Il concetto della SF90, studiato appositamente per offrire un valore di efficienza aerodinamica elevato, è stato messo alla base della progettazione. La filosofia low drag ha pagato enormemente sui rettilinei, agevolando peraltro i consumi del propulsore. Motore che, nonostante la bassa resistenza all’avanzamento della Ferrari, ha comunque accusato dei problemi a livello di consumo, risolti con l’introduzione della spec. 3 di motore endotermico.

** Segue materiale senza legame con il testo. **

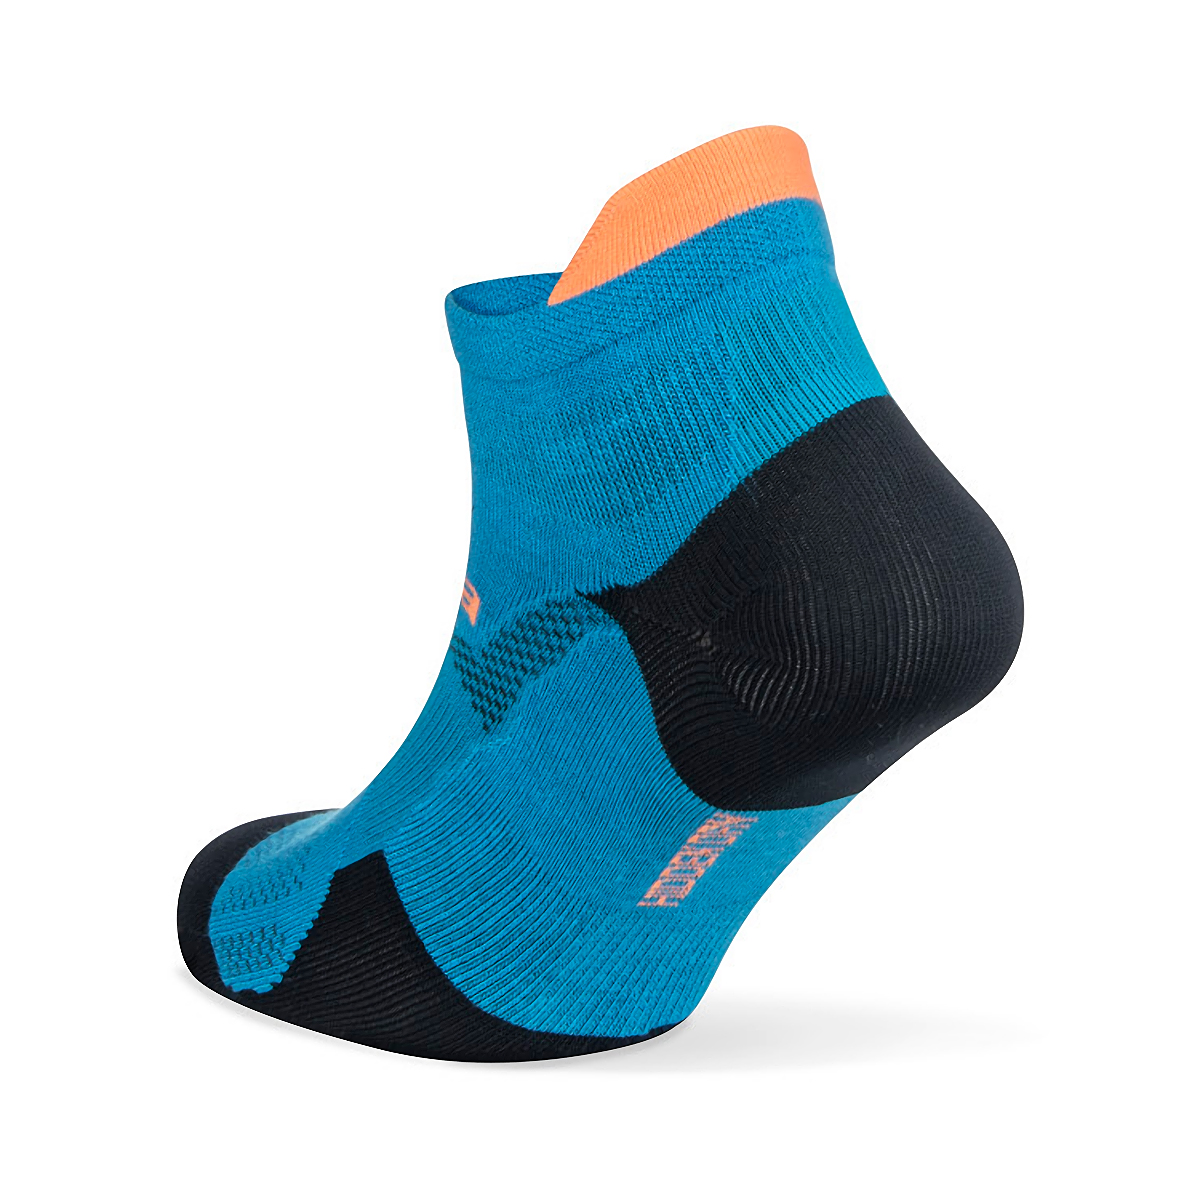 Balega Hidden Dry No Show Socks - Color: Bright Turquoise/Navy - Size: S, Bright Turquoise/Navy, large, image 3

Tornando all’aerodinamica, le caratteristiche tecniche della SF90 hanno permesso ai ferraristi di primeggiare sui rettifili, raggiungendo velocità di punta impensabili per tutti i rivali, Mercedes compresa. Tutto ciò andava comunque compensato con il giusto carico aerodinamico generato dal corpo vettura. Purtroppo però i tecnici di Maranello non sono riusciti nell’intento, soffrendo tremendamente, nelle gare fino a qui disputate, nei settori lenti di tutte le piste. Cambiare la vettura in corso sarebbe stata una follia, tenendo in conto che, ripartendo da zero, i competitor avrebbero comunque goduto di un cospicuo vantaggio. Con l’allungamento del passo rispetto alla vettura 2018, i tecnici di Maranello non sono riusciti a far funzionare a dovere il fondo. Oltretutto la nuova regolamentazione, che ha di fatto ridisegnato le norme sull’ala anteriore, ha spiazzato la Rossa. L’assenza degli upper flap, unita alle restrizioni sugli endplate, ha inciso negativamente sulla SF90, che ha dimostrato un’incapacità di generare vortici abbastanza potenti da sigillare il fondo.

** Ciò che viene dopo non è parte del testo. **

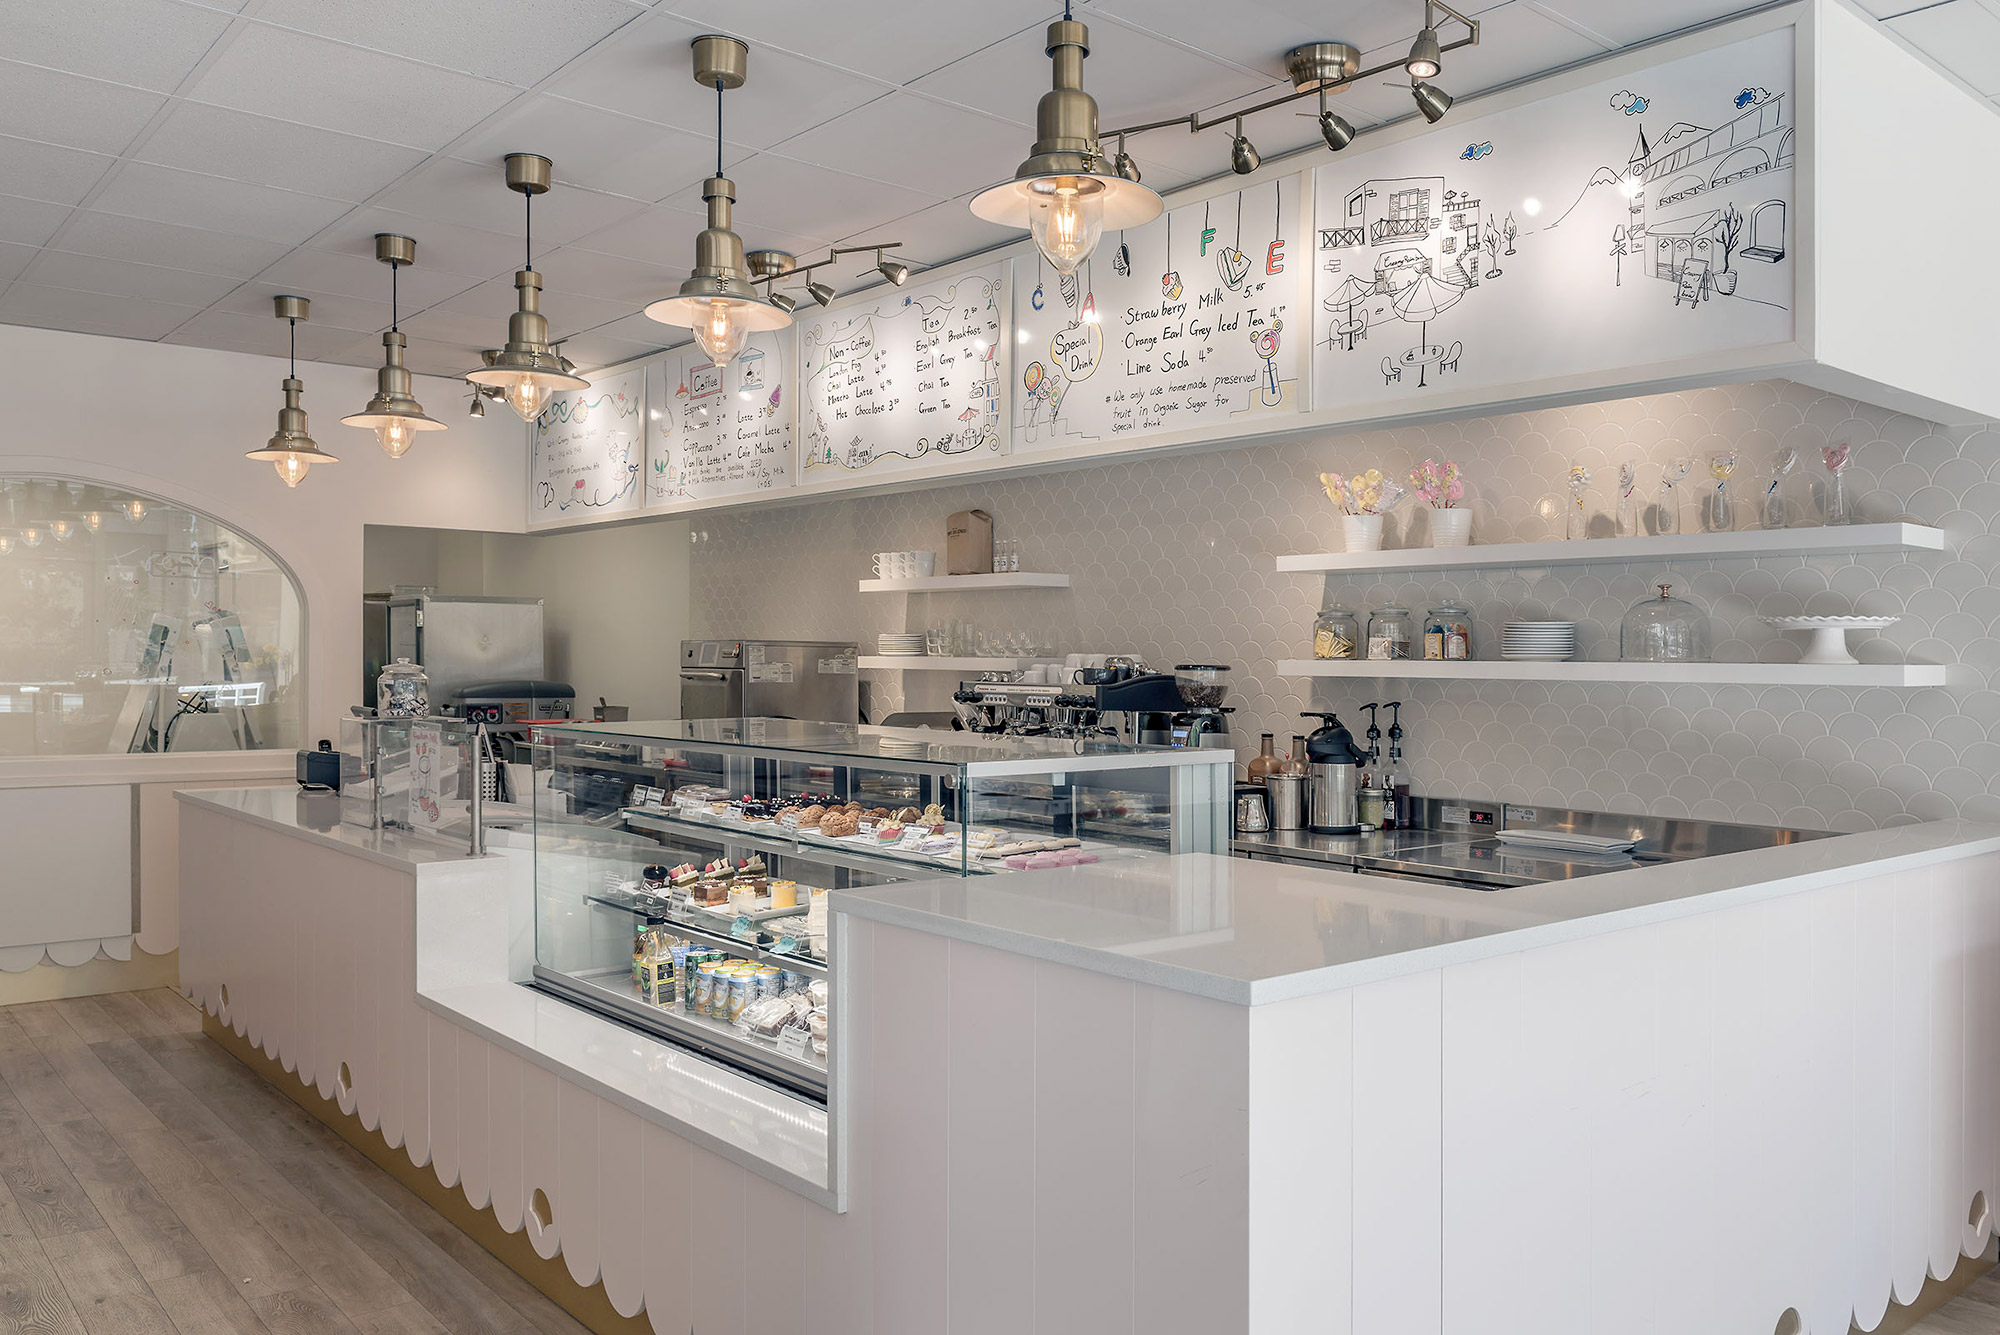 Creamy RainbowBakery and Cafe -

È chiaro che, dopo le prime 14 prove del mondiale 2019, gli ingegneri della Ferrari non sono stati in grado di “trovare” il giusto quantitativo di downforce, necessario per bilanciare la macchina. Per questa semplice ragione, dopo uno studio accurato durato diversi mesi, i tecnici italiani hanno trovato dei “correttivi”. Le modifiche al muso (click qui), analizzate nella giornata di giovedì, vanno a compensare l’aumento di carico al posteriore, creato con l’utilizzo del nuovo fondo scalinato (clik qui) e con il diffusore montato in Francia, peraltro subito abbandonato dopo alcuni giri di test comparativi. La speranza dei tecnici della Ferrari, in un tracciato ad altissimo carico come Singapore, era quella di rendere la SF90 una vettura più completa. Trovare l’agilità necessaria nei cambi di direzione risultava infatti cruciale, in un layout come quello di Marina Bay estremamente esigente.
Dopo il fine settimana di Singapore, possiamo affermare con certezza che la SF90 “sta guarendo”. L’eccezionale pole di Charles Leclerc, bissata con la straordinaria doppietta in gara, dimostra che la Ferrari ha finalmente trovato carico aerodinamico, chiudendo l’importante gap chilometrico accusato nelle precedenti piste da alto carico rispetto a Mercedes. Il grafico a seguire riguarda le performance ottenute in qualifica, mettendo a confronto Mercedes e Ferrari. Come possiamo notare la distanza chilometrica scende vertiginosamente da Monaco, fino a diventare negativa dopo la pole position ottenuta da Charles Leclerc a Singapore.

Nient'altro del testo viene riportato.